Joining Mr. Fisher in arguing for the state on Wednesday, Mr. Clement said the court should wait for a case to be brought by someone who was actually barred by the statute from casting a ballot. Such a lawsuit “could focus like a laser beam” on particular problems, Mr. Clement said, adding that if such a case were successful, it would have the virtue of producing a remedy that solved the problem without invalidating the entire law.

Justice David H. Souter countered, “That would be a virtue, but one of the vices would be that it would be after the election, and the entire matter would be academic for another two years.”

Justice Ruth Bader Ginsburg raised a similar objection. “The reason they are bringing a facial challenge is because the horse is going to be out of the barn,” she said. “They will have the election, and just what they are afraid of could happen — that the result will be skewed in favor of the opposite party.”


Justice Ginsburg’s subtle but unmistakable allusion was to the partisan context in which voter identification laws, recently adopted by a handful of Republican-dominated states, are being debated. Democrats charge that the true purpose of the laws is to deter participation by some predictably Democratic voters, particularly poor people and members of minority groups who are less likely than others to have driver’s licenses or passports.

The Bush administration has raised the suspicions of Democrats by making what they call “voter fraud” a priority for Justice Department enforcement. No prosecution for impersonating a registered voter, the type of fraud that would be prevented by a photo requirement, has ever been brought, however.

“No one has been punished for this kind of fraud in living memory in this country,” Paul M. Smith, a Washington lawyer arguing for the Democrats, told the justices.

In his opinion last year upholding the Indiana law, Judge Richard A. Posner of the United States Court of Appeals for the Seventh Circuit agreed with the Democratic plaintiffs that the law would fall more heavily on Democrats than on Republicans. But that did not make the statute unconstitutional, he said.

On Wednesday, discussion of the law’s justification, and of the extent of the burden it placed on voters, was inconclusive.
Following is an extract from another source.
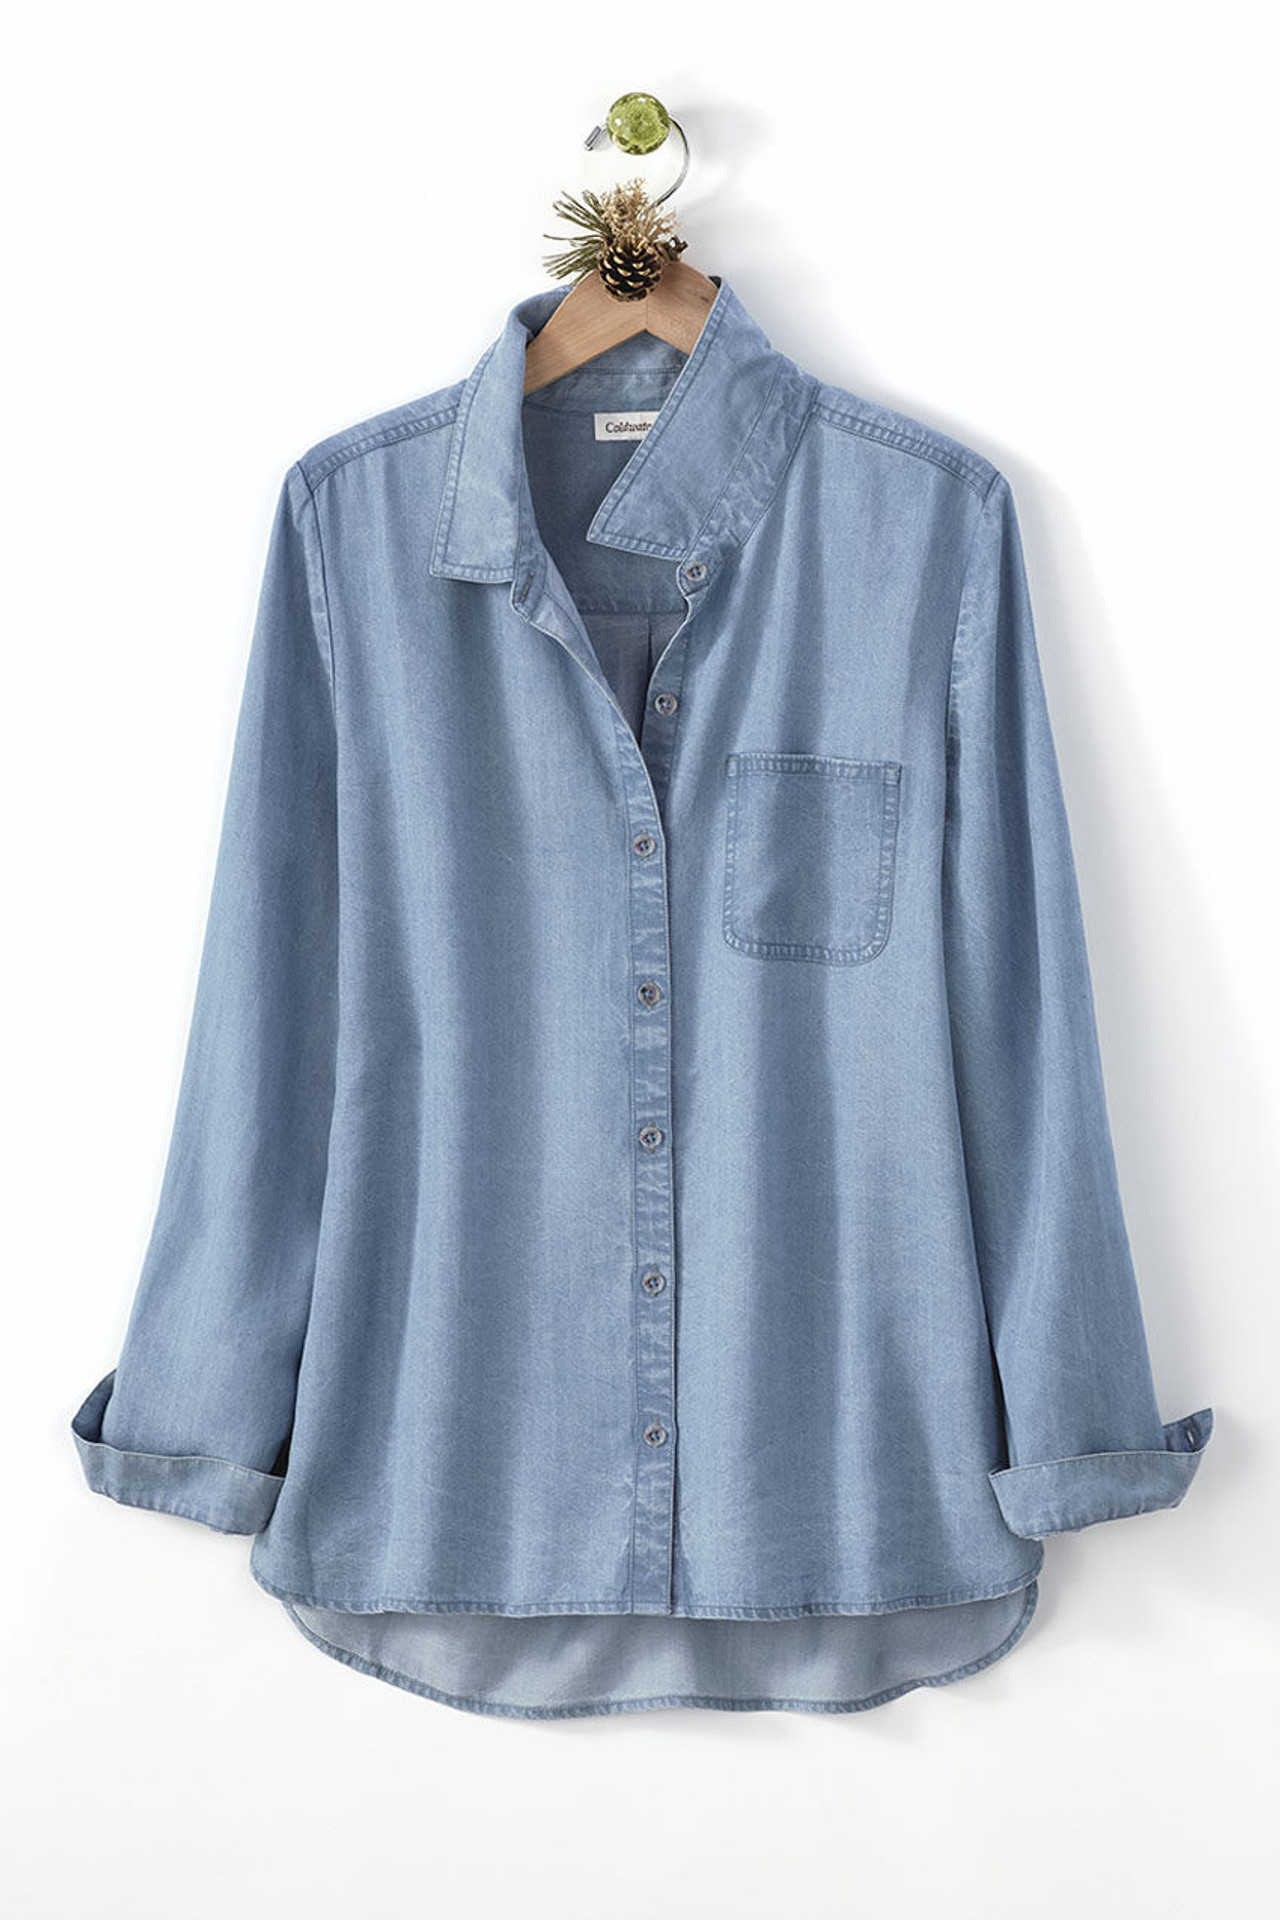 Women's Comfort Cotton/TENCEL Shirt, Long-Sleeve at L.L. Bean
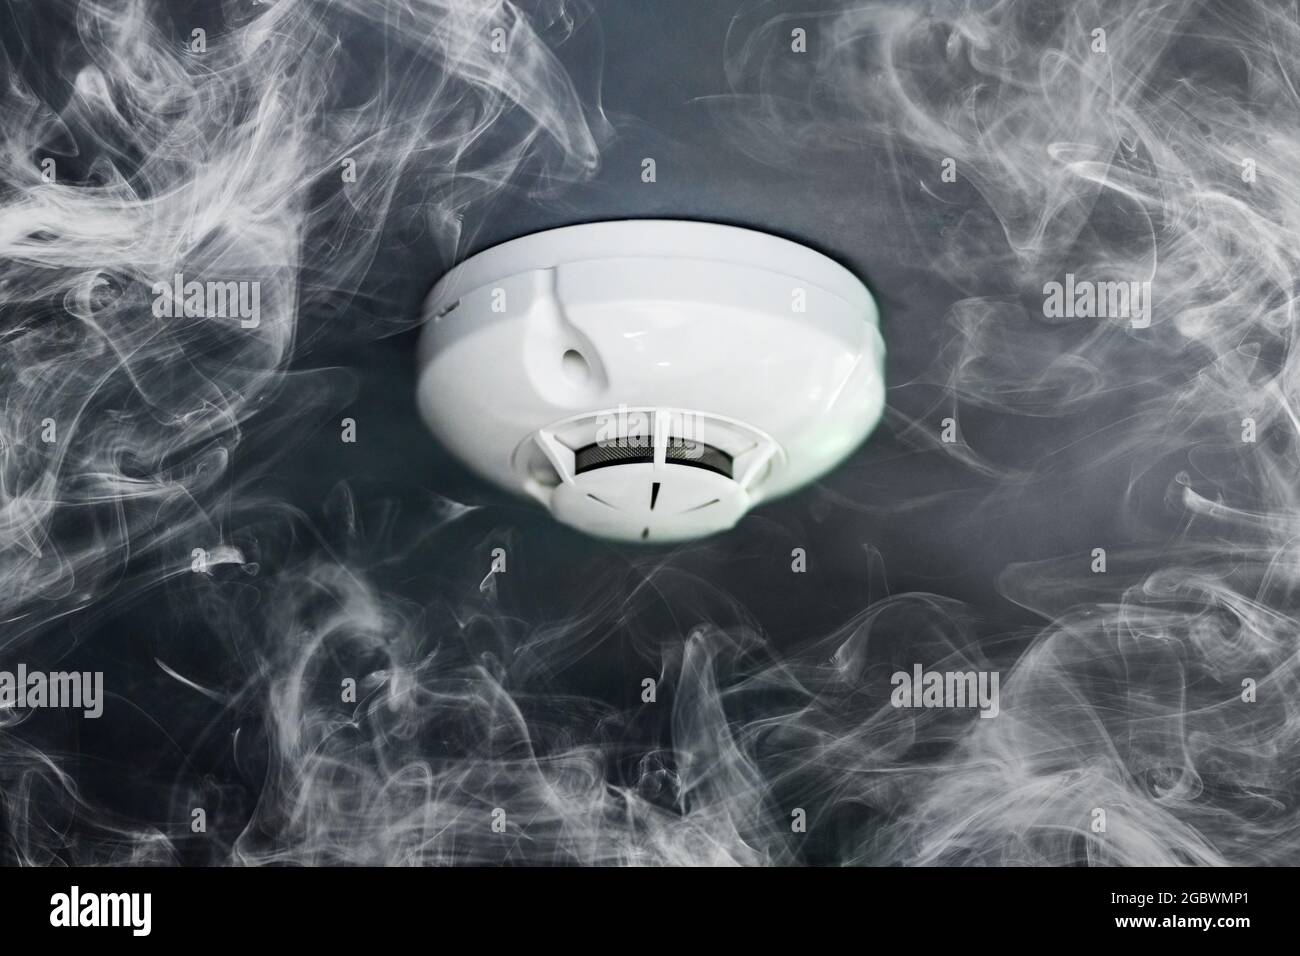 Residential Smoke Carbon Monoxide Fire Alarm Detector Stock Photo

Mr. Fisher, Indiana’s lawyer, said that because photo identification was “necessary to do so many everyday activities,” the number of those affected was “infinitesimal.” Mr. Smith said the number was more likely in the hundreds of thousands.

Under the Indiana law, voters who are turned away for lack of identification may cast provisional ballots, which are counted only if the voter travels to the county clerk’s office within 10 days to show the required identification or sign a sworn statement that he cannot afford to obtain such an identification. The plaintiffs have argued that this extra step and required travel create an unnecessary burden that other states with identification requirements do not impose; those states do not require voters to make a second trip in order to have a provisional counted.

Chief Justice Roberts, who grew up in Indiana, did not seem to find the burden excessive. “County seats aren’t very far for people in Indiana,” he said.

Mr. Smith replied that the county seat in Lake County was a 17-mile bus ride from the county’s urban center of Gary. “If you’re indigent, that’s a significant burden,” he said. The chief justice also seemed unimpressed by the absence of known voter impersonators. “It’s a type of fraud that, because it’s fraud, it’s hard to detect,” he said to Mr. Smith.

Justice Scalia interrupted the debate over the law’s impact in order to frame his argument against facial challenges.

“Why are we arguing about whether there is one-half of one percent of the electorate who may be adversely affected and as to whom it might be unconstitutional?” he asked Mr. Fisher, adding: “This court is sitting back and looking at the ceiling and saying, oh, we can envision not the case before us, but other cases. Maybe it’s one-half of one percent or maybe it’s 45 percent, who knows. But we can imagine cases in which this law could be unconstitutional, and therefore, the whole law is unconstitutional. That’s not ordinarily the way courts behave, is it?”


“I should hope not,” the Indiana solicitor general replied.